## How to complete this task
Any picture in the listing is left out of the copy; all else is duplicated exactly.
::: Raw data
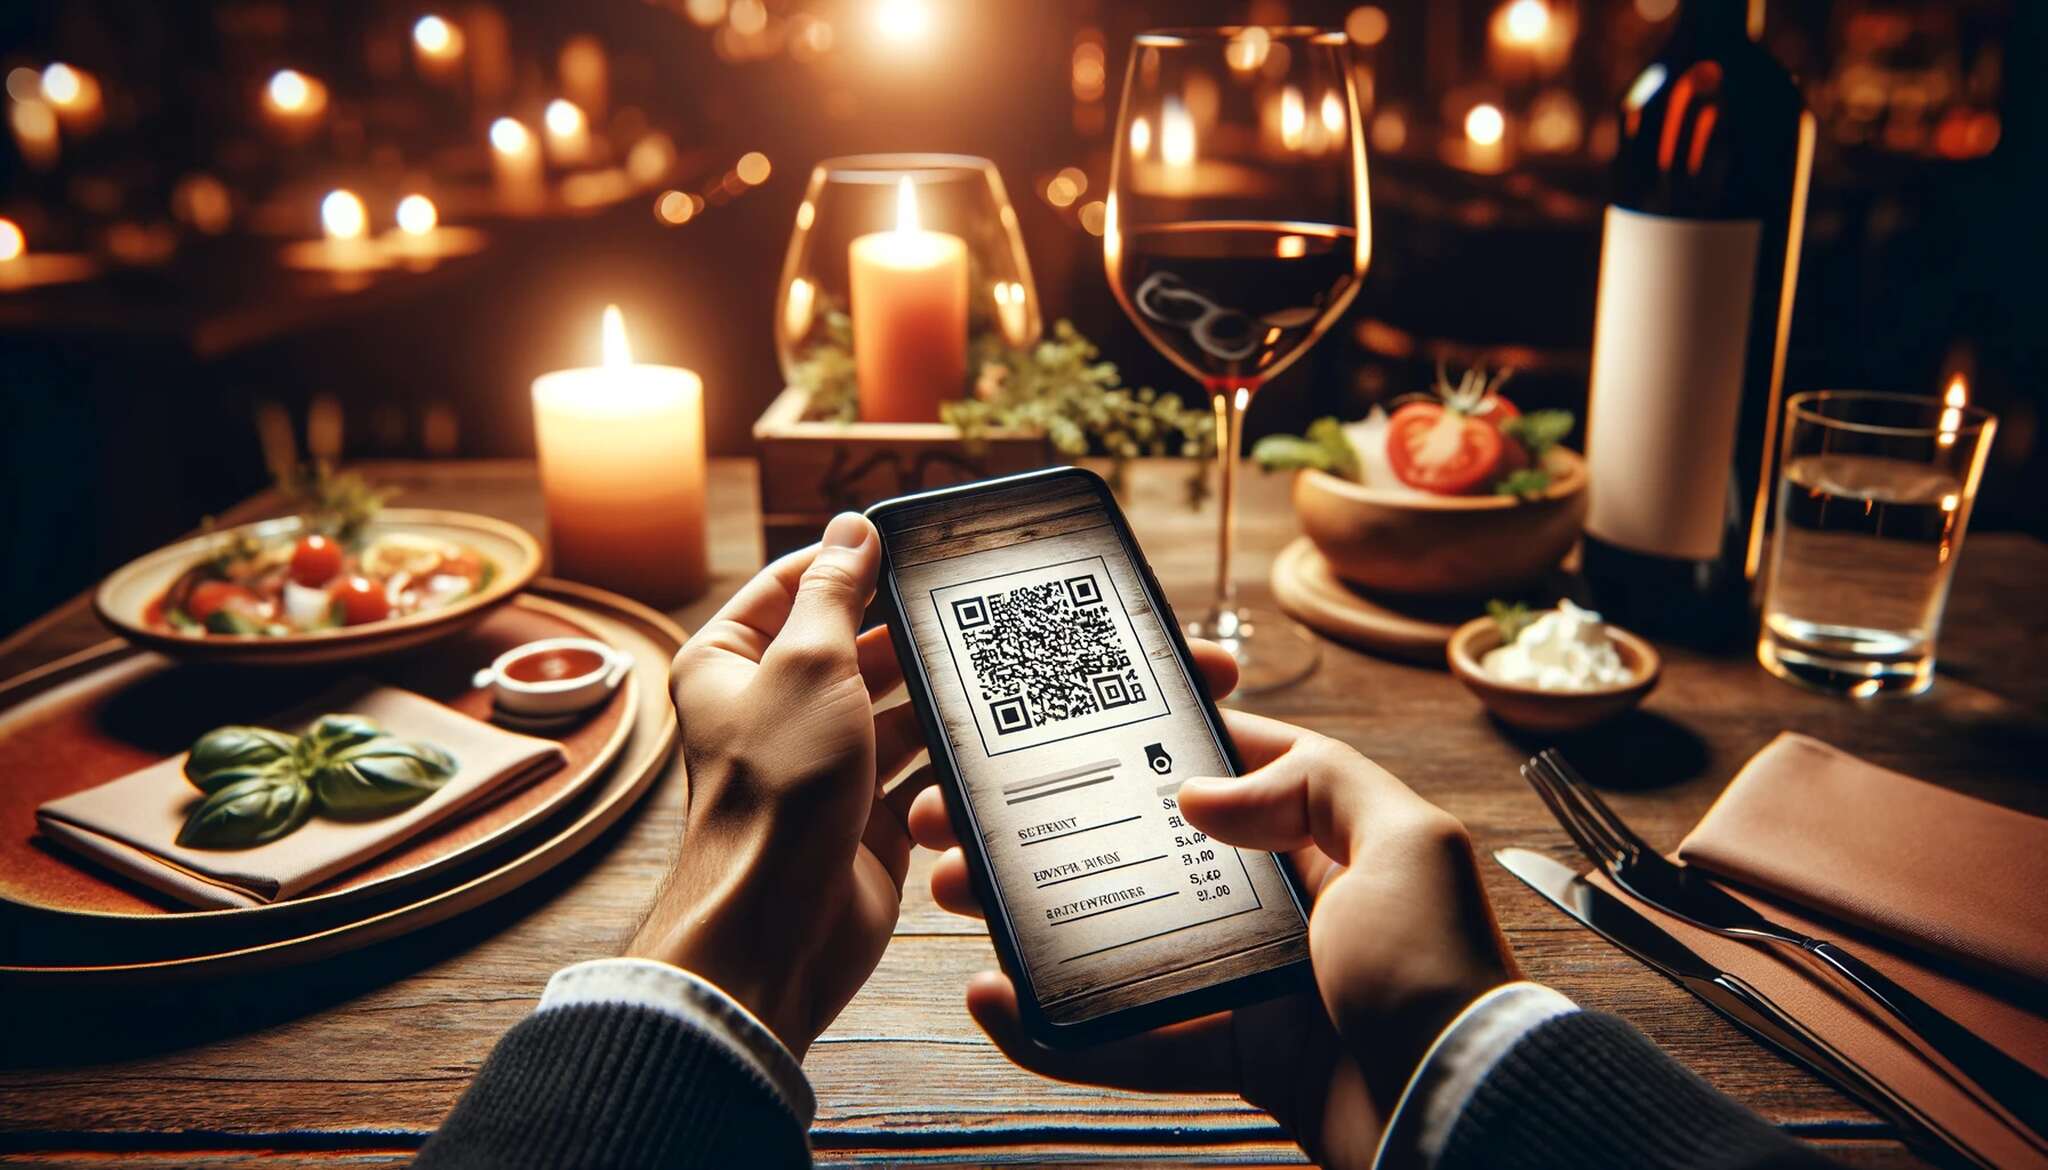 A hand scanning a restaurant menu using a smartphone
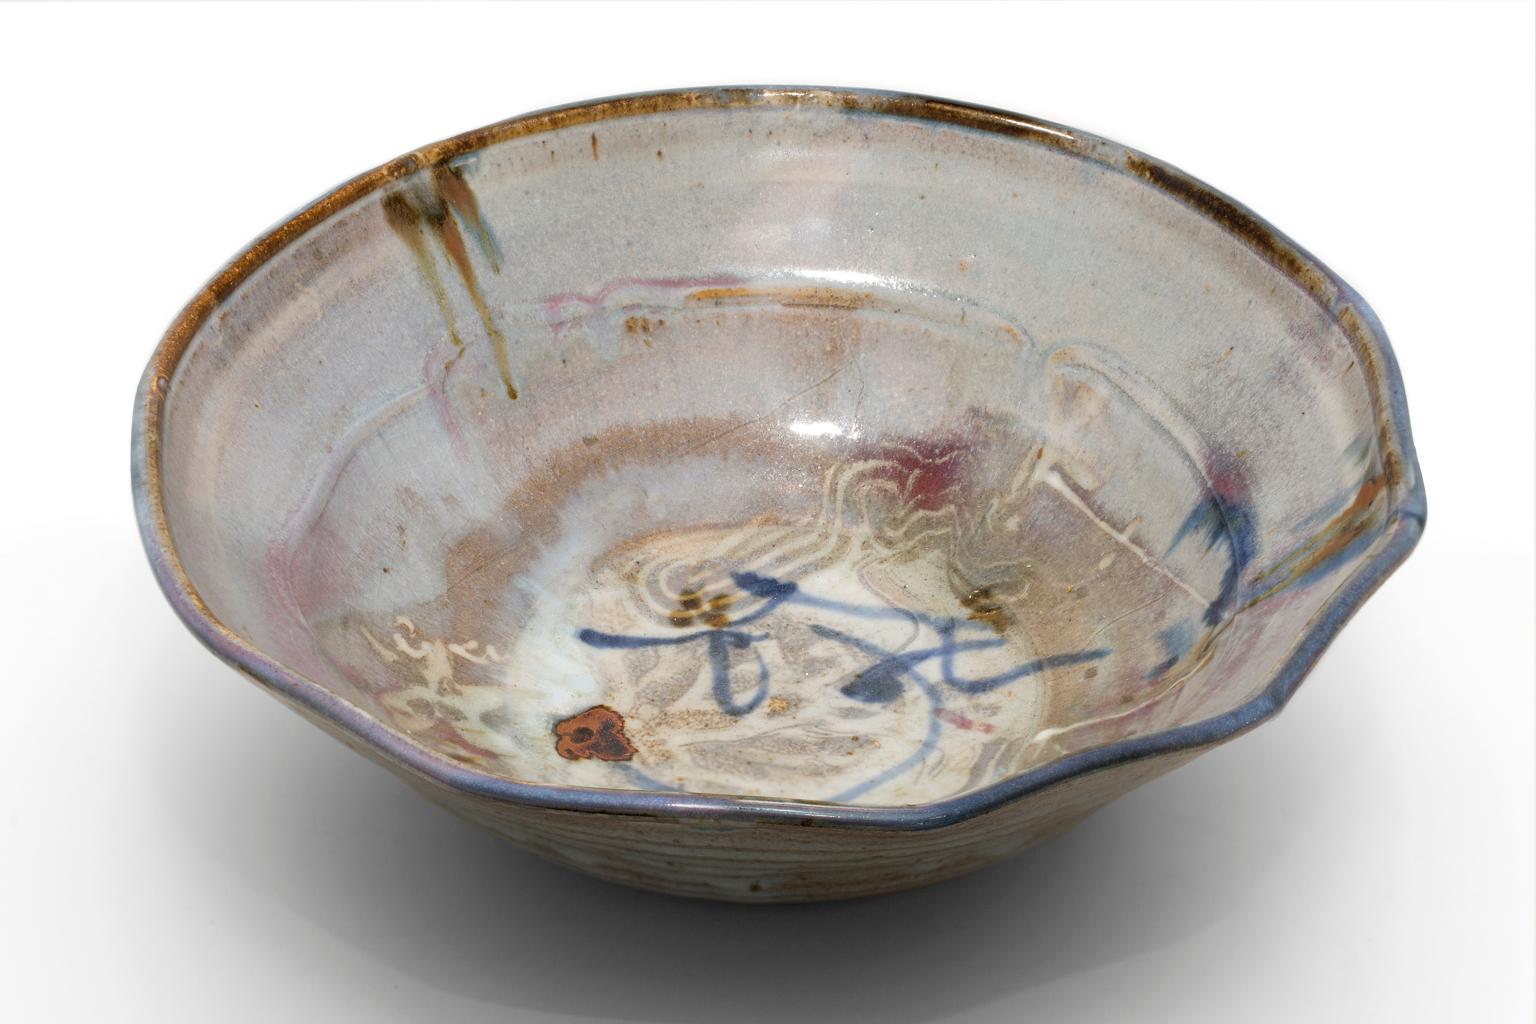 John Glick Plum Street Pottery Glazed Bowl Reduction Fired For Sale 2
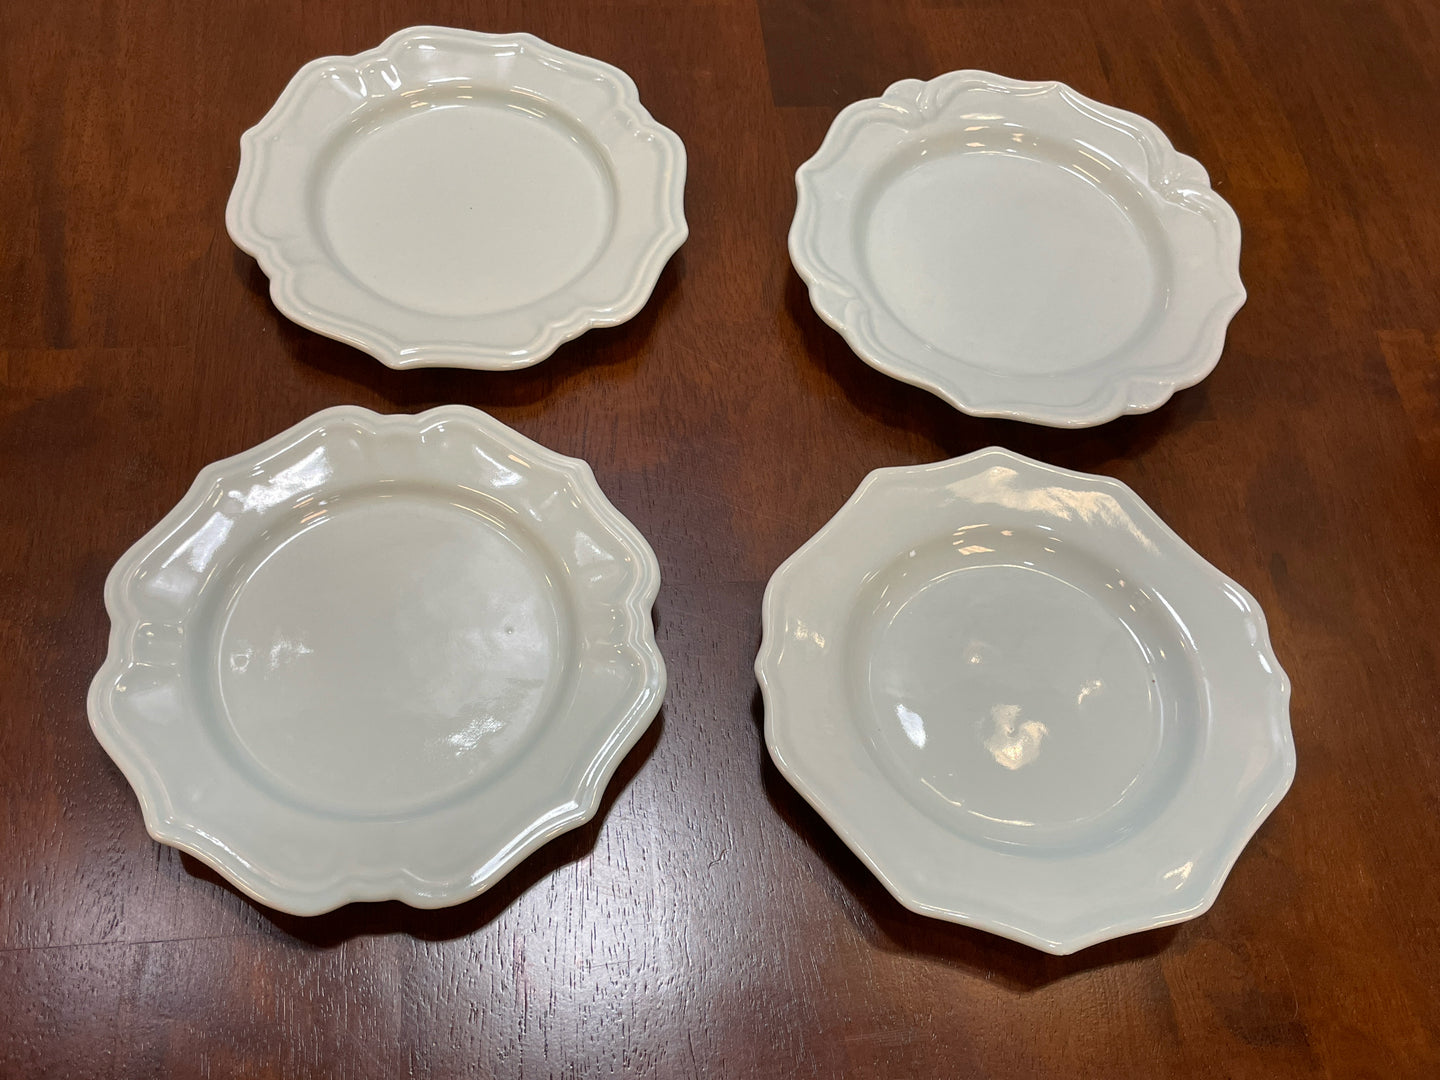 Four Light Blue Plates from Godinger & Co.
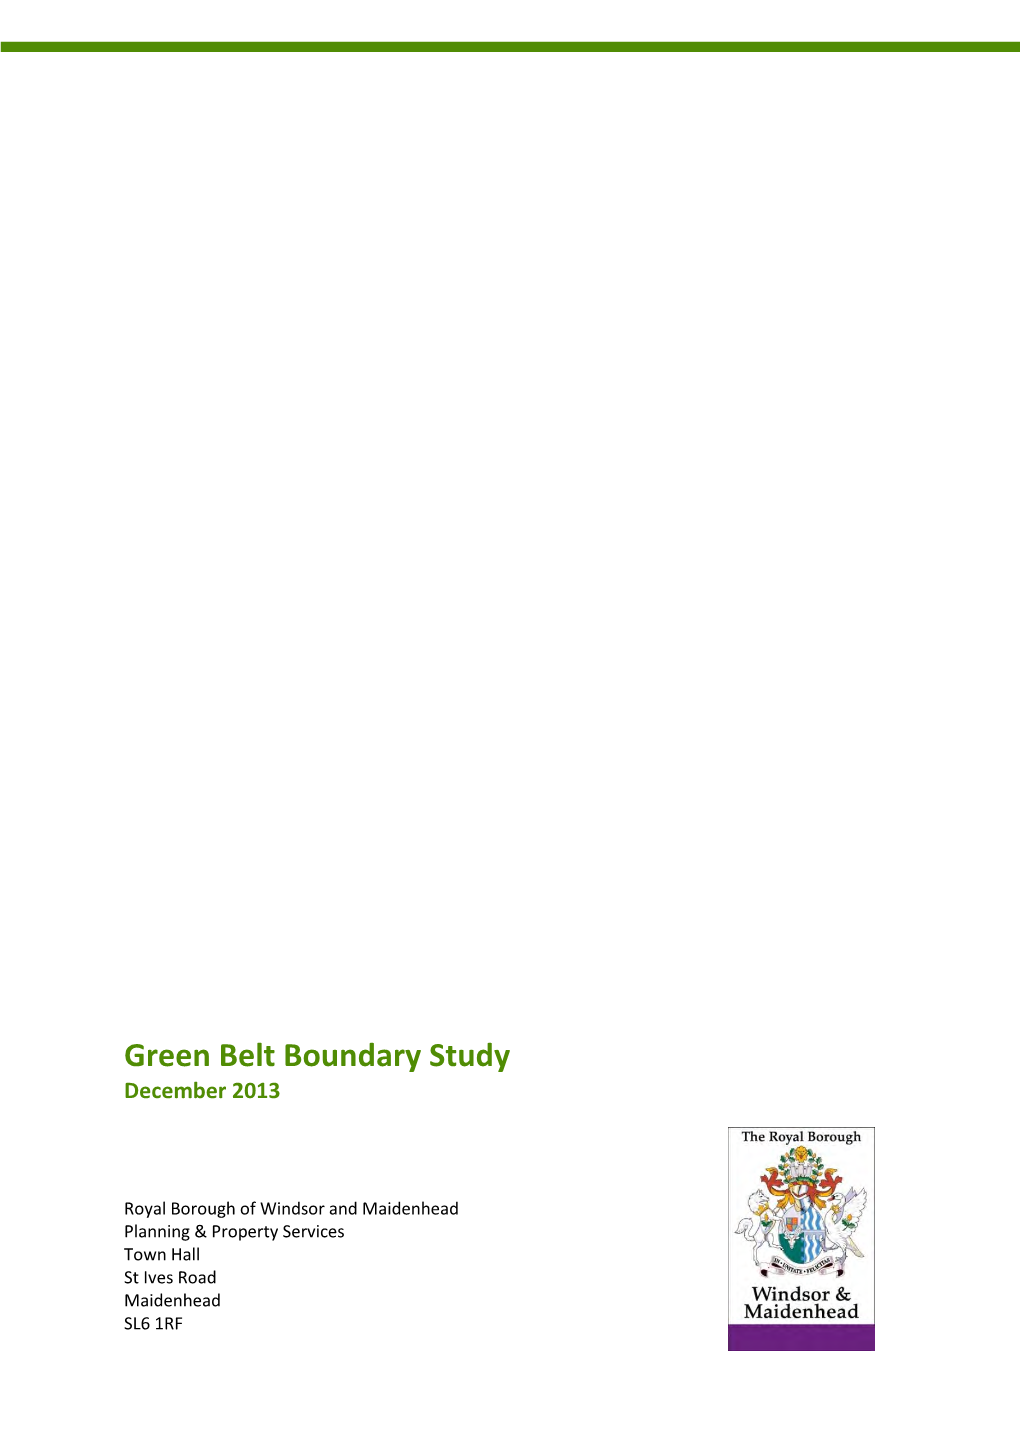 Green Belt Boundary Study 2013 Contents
::::::
## Written solution
 A hand scanning a restaurant menu using a smartphone
 John Glick Plum Street Pottery Glazed Bowl Reduction Fired For Sale 2
 Four Light Blue Plates from Godinger & Co.
 Green Belt Boundary Study 2013 Contents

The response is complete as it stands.